I need someone to physically help me- help me pack, drive me across the country (taking a flight is exhausting on my feeble body), and once I get there, I need help getting furniture and all the little things I need like soap, toiletries, curtain, bathmat, broom, etc. Cleaning the place, setting it up, buying the furniture and household items- I am stuck here where I am bc I KNOW what is in store for me when I get there and I have ZERO energy to do any of it.
Like I literally won’t be able to take a shower until I get a shower curtain and bathmat to step on. Like that shit needs to be set up, and I’m too sick to do it myself. And it’s not like I have a cold where I can just wait till I get better. I’m chronically ill- sick every day of my life, every day I have no energy, every night I do not sleep, I am tired every day.

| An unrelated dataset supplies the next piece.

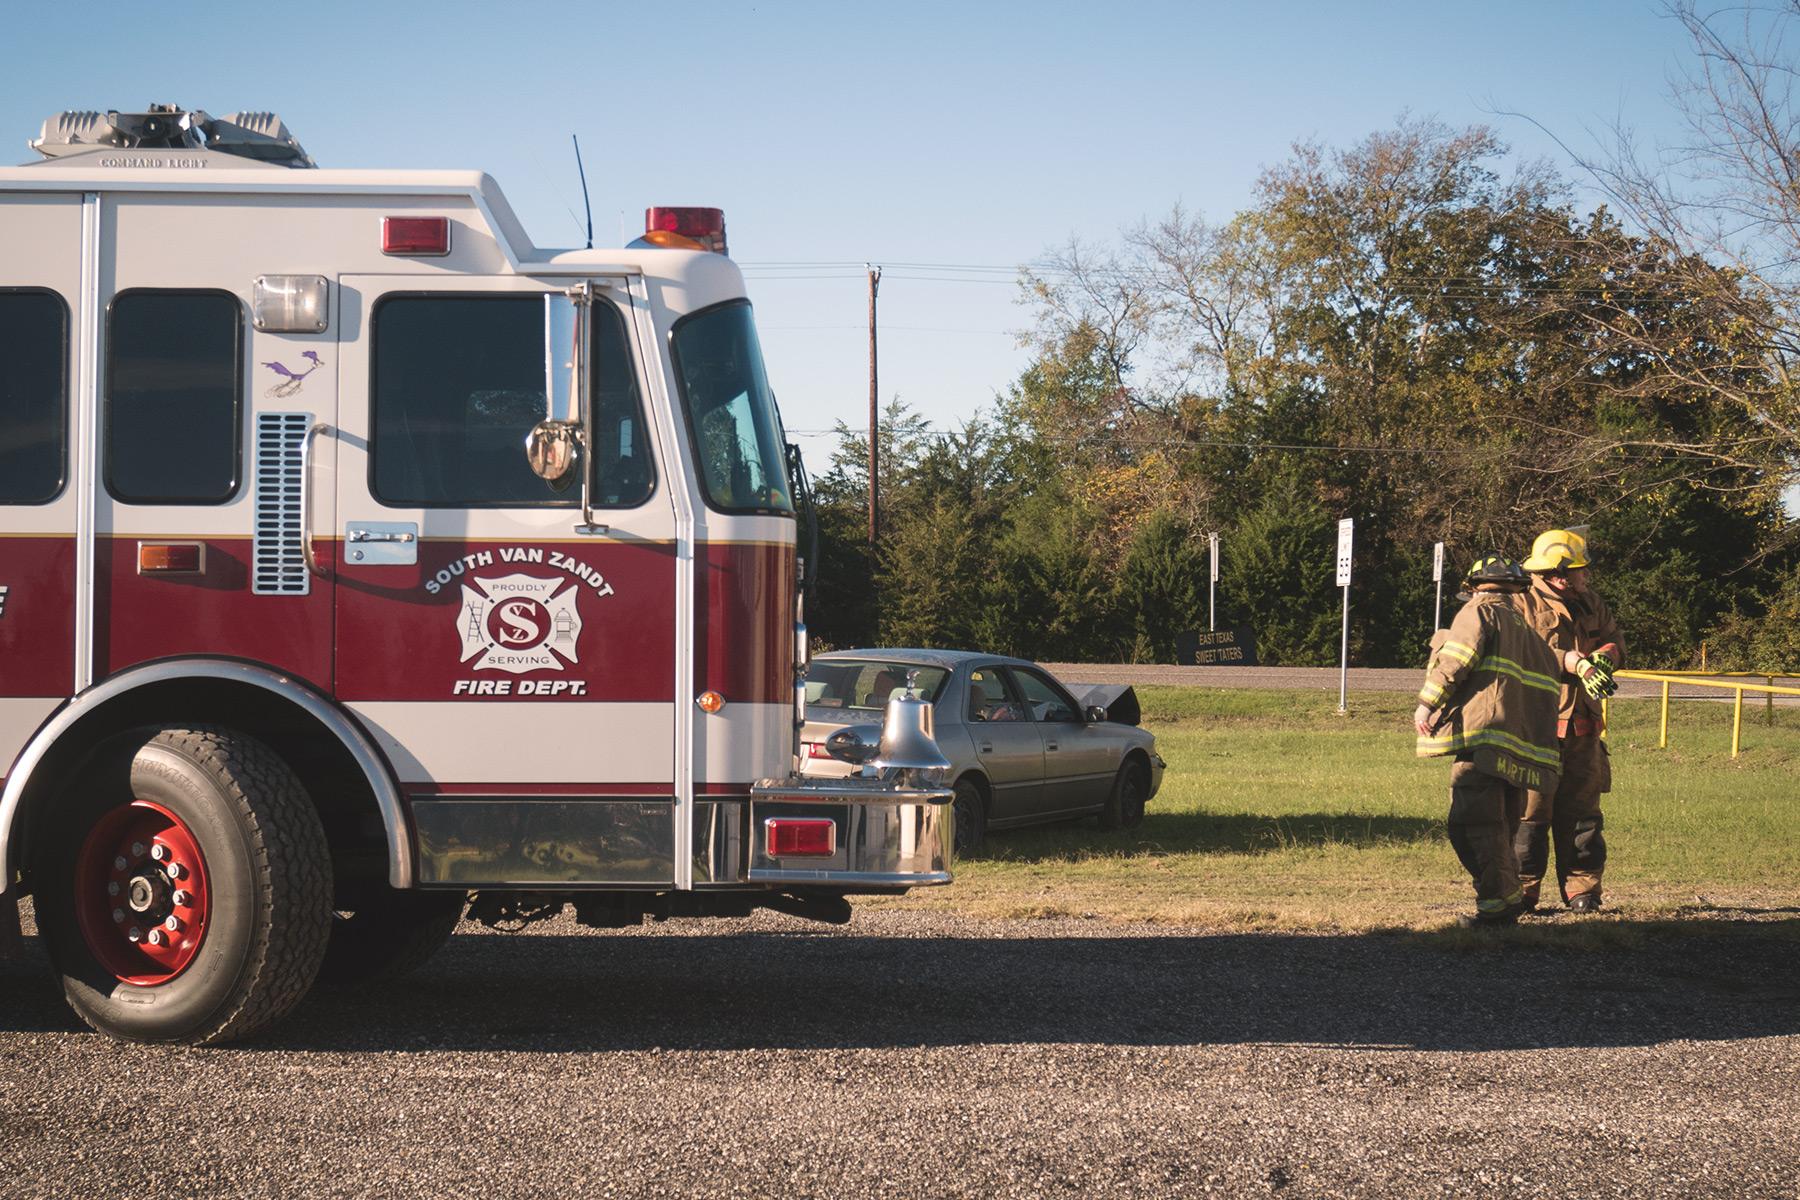 Van Zandt county fire engine

I get exhausted just doing the basic things, like taking a shower, let alone groceries or laundry.
I wish 10M USD would just drop into my lap. Yes that would solve 90% of my problems. If I can pay ppl to help me, my life wouldn’t suck so much. If I knew my life would be secure, I wouldn’t be so depressed. If I could live where ever I want, in a NICE place in a NICE neighborhood and my housing and food were secure, and I can afford to eat healthier, and afford great alternative health care, and pay ppl to help me do the things I struggle with (groceries, cooking, cleaning, errands, etc) then yes, my life would be SO much fucking better and I wouldn’t be so miserable.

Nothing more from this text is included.